**Work request**
Each line of the data must be written out again verbatim; no image belongs in the copy.

**Recorded information**
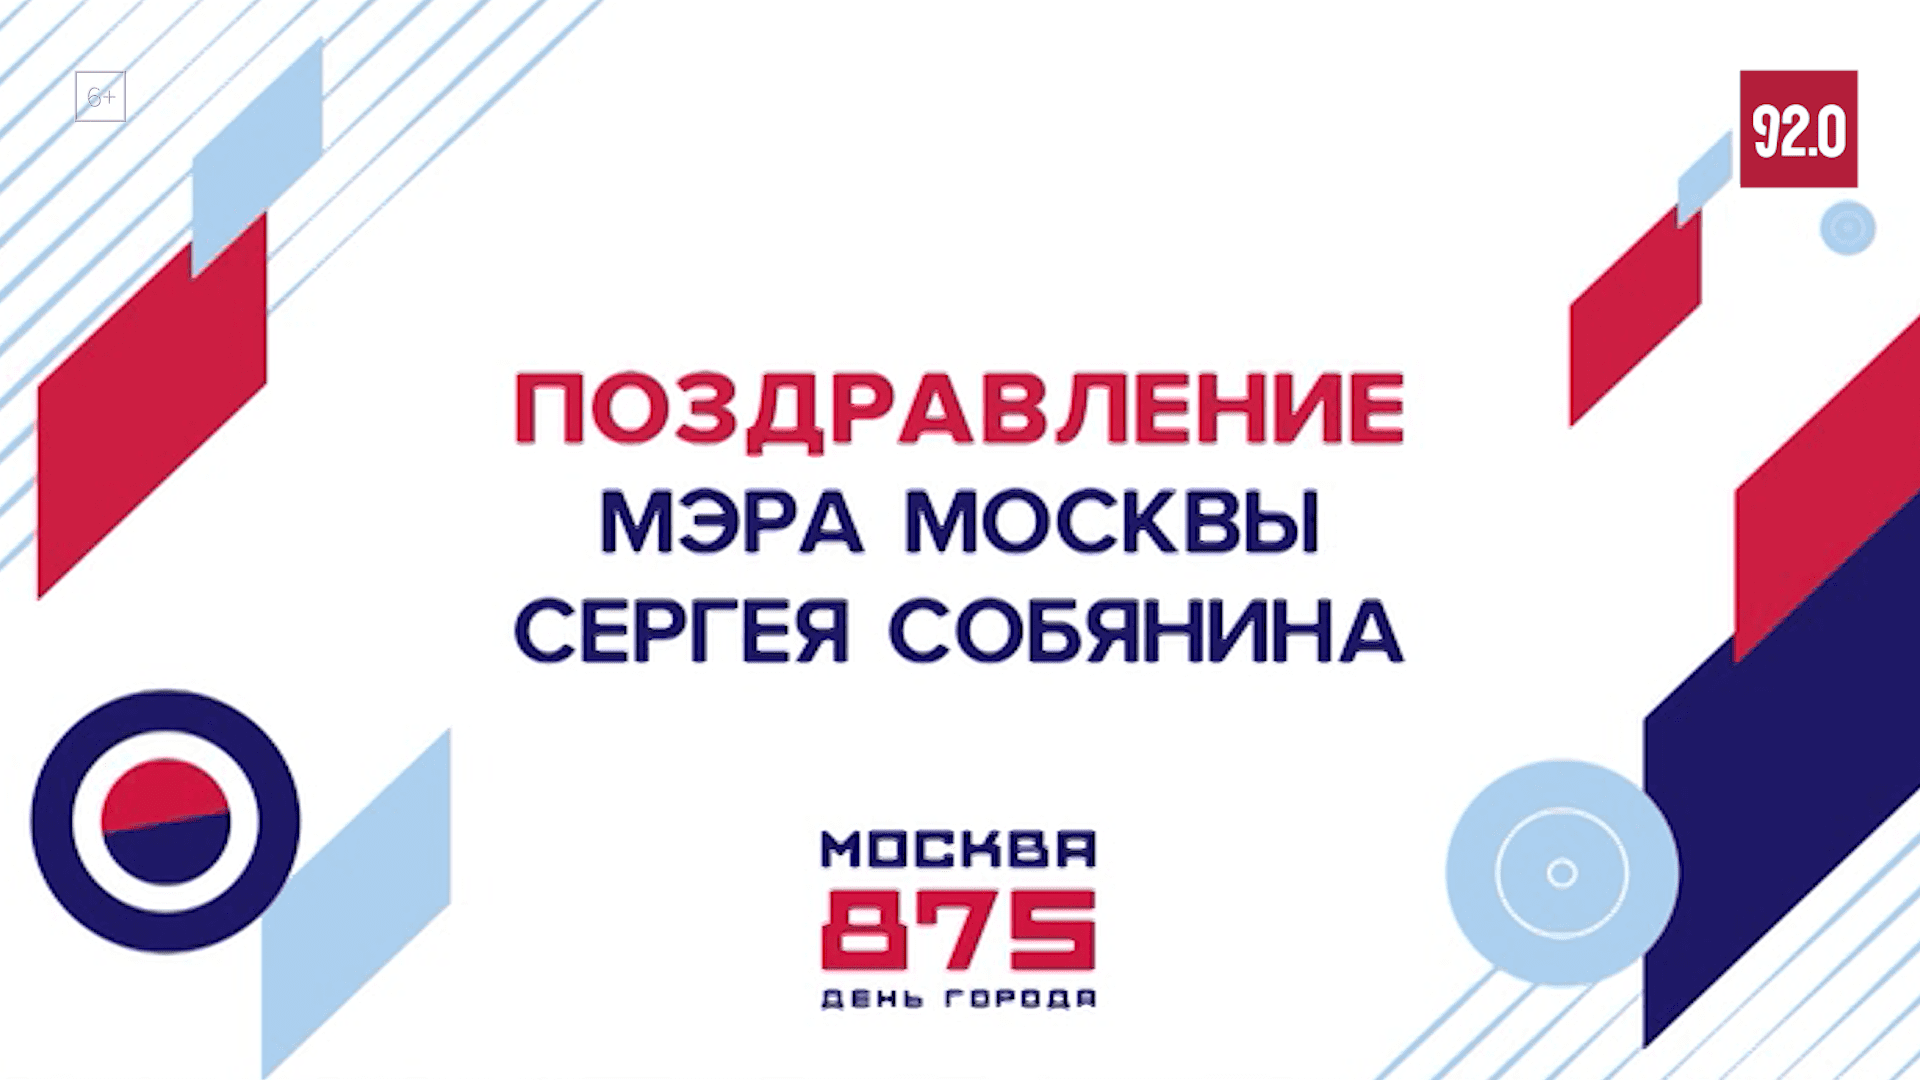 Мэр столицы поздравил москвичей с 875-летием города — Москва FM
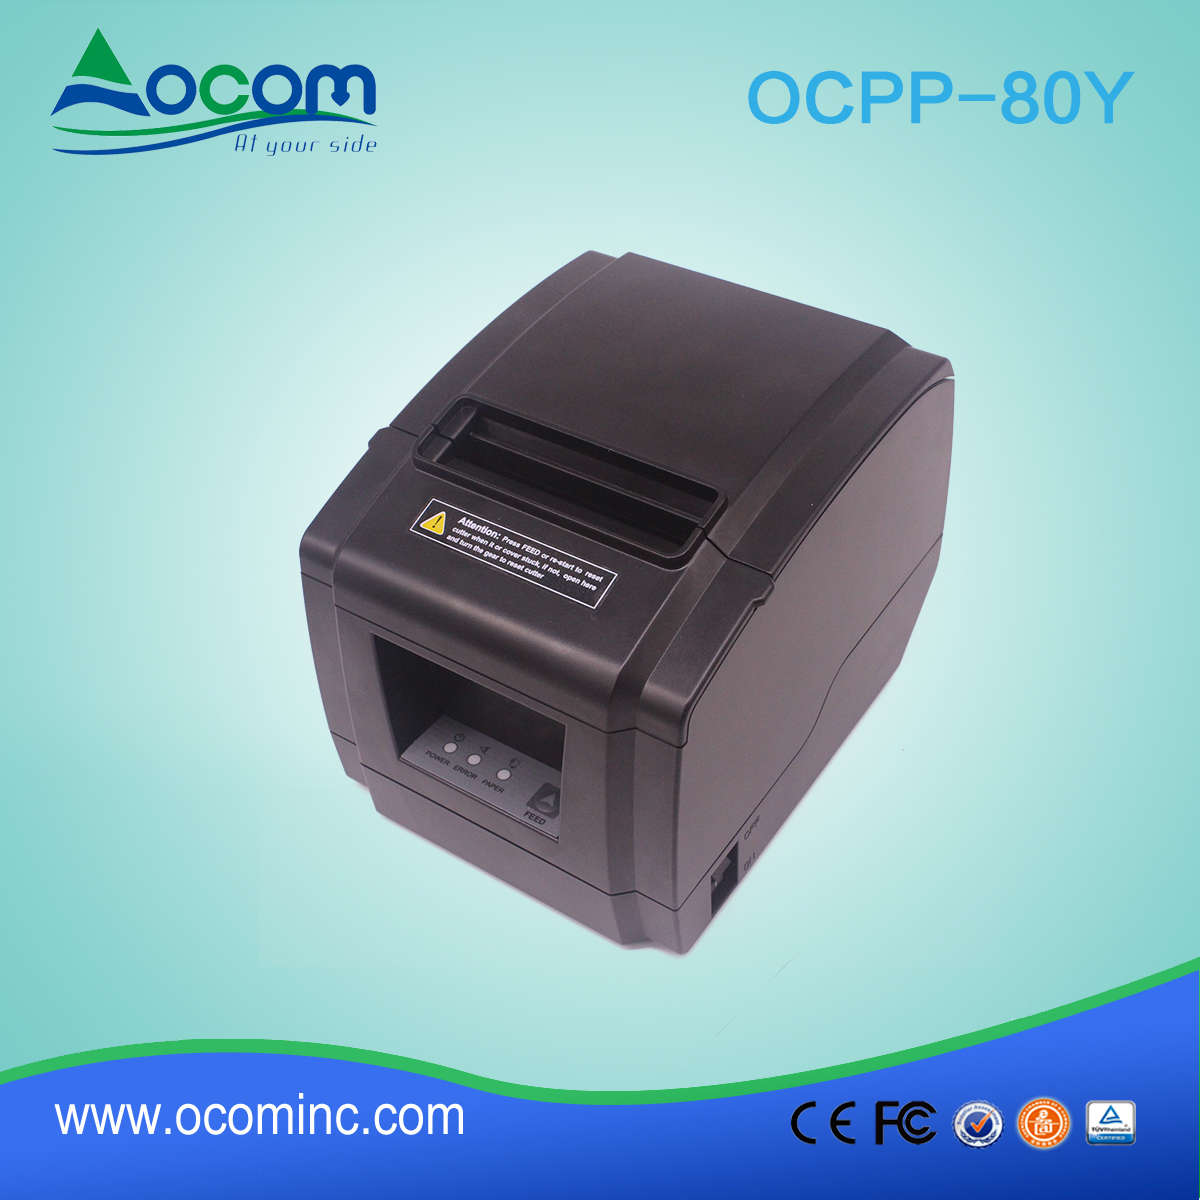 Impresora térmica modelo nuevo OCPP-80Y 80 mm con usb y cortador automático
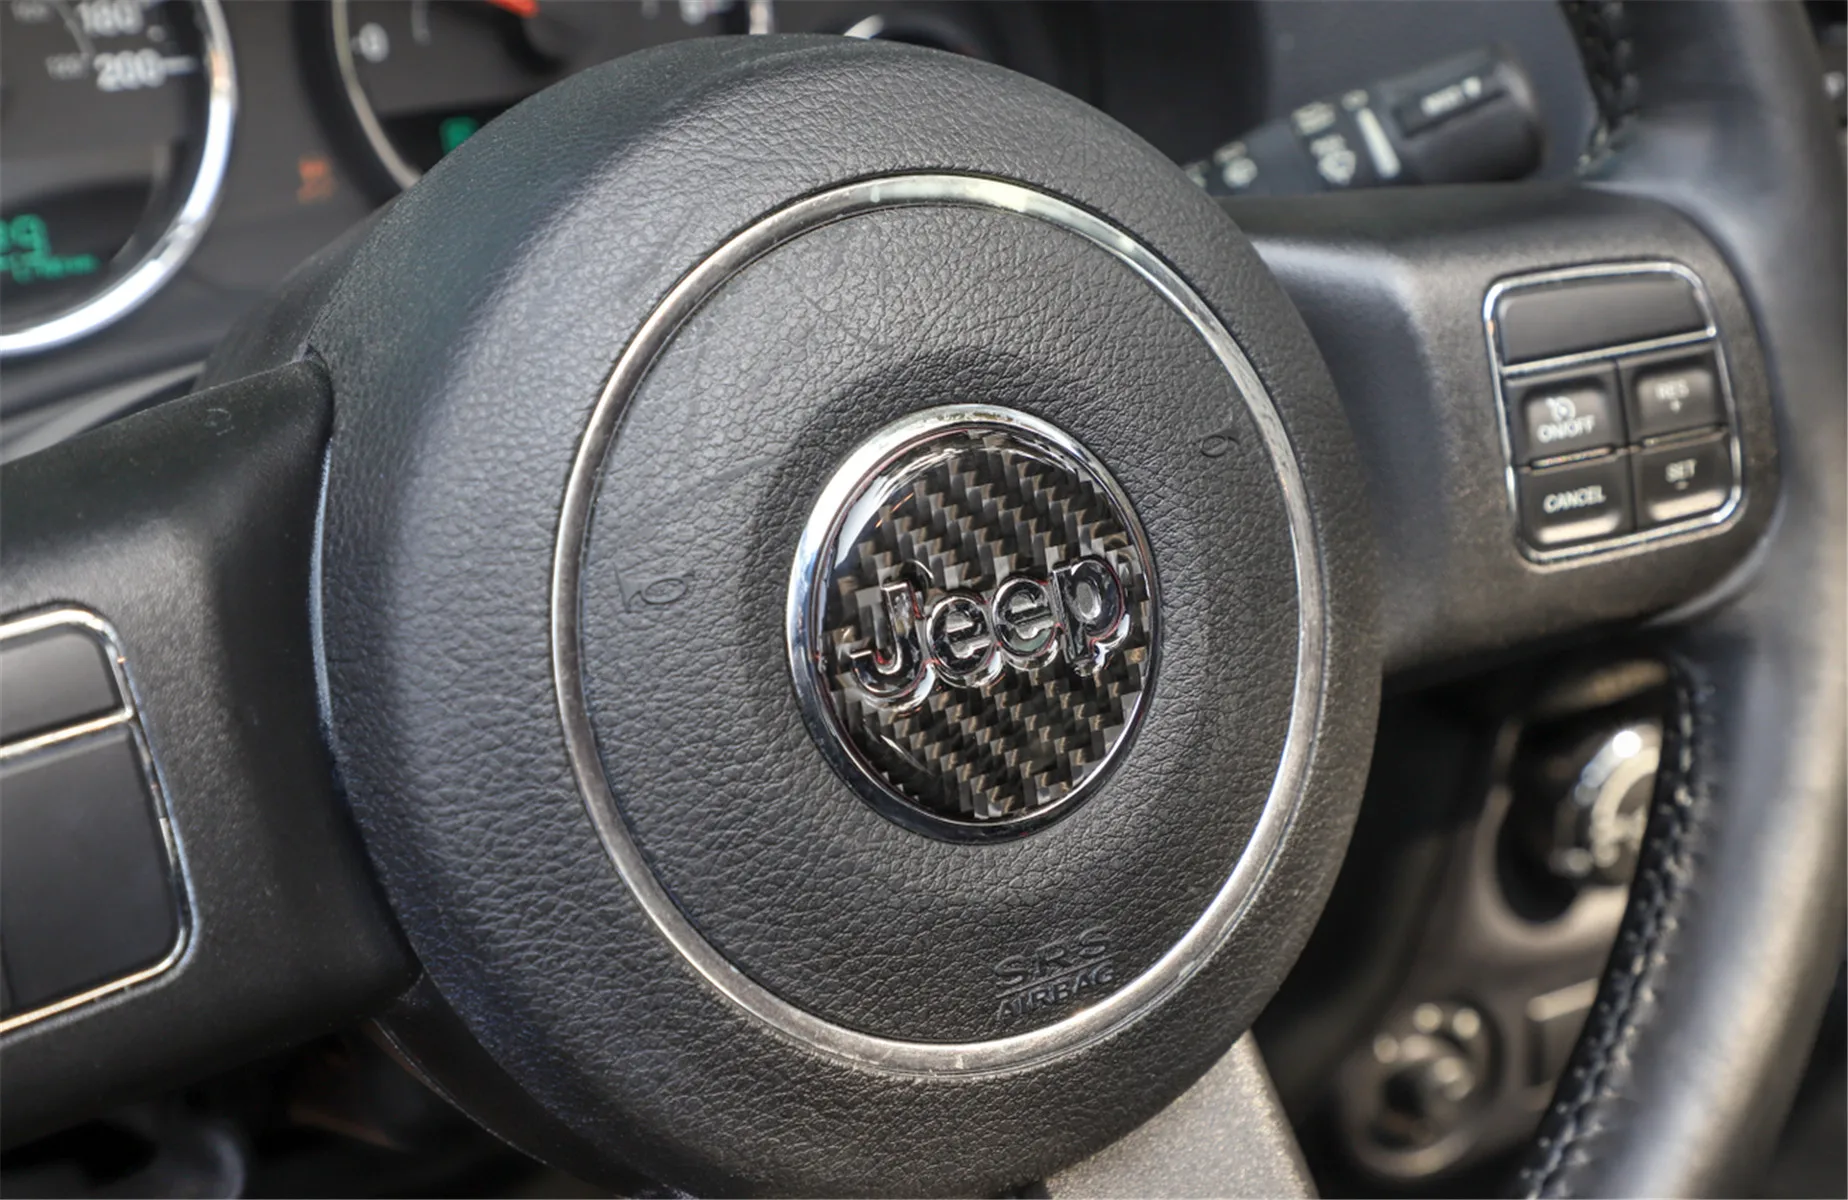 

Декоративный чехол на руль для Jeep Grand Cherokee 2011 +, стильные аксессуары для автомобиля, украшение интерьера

**Response to the task**
 Мэр столицы поздравил москвичей с 875-летием города — Москва FM
 Impresora térmica modelo nuevo OCPP-80Y 80 mm con usb y cortador automático

Декоративный чехол на руль для Jeep Grand Cherokee 2011 +, стильные аксессуары для автомобиля, украшение интерьера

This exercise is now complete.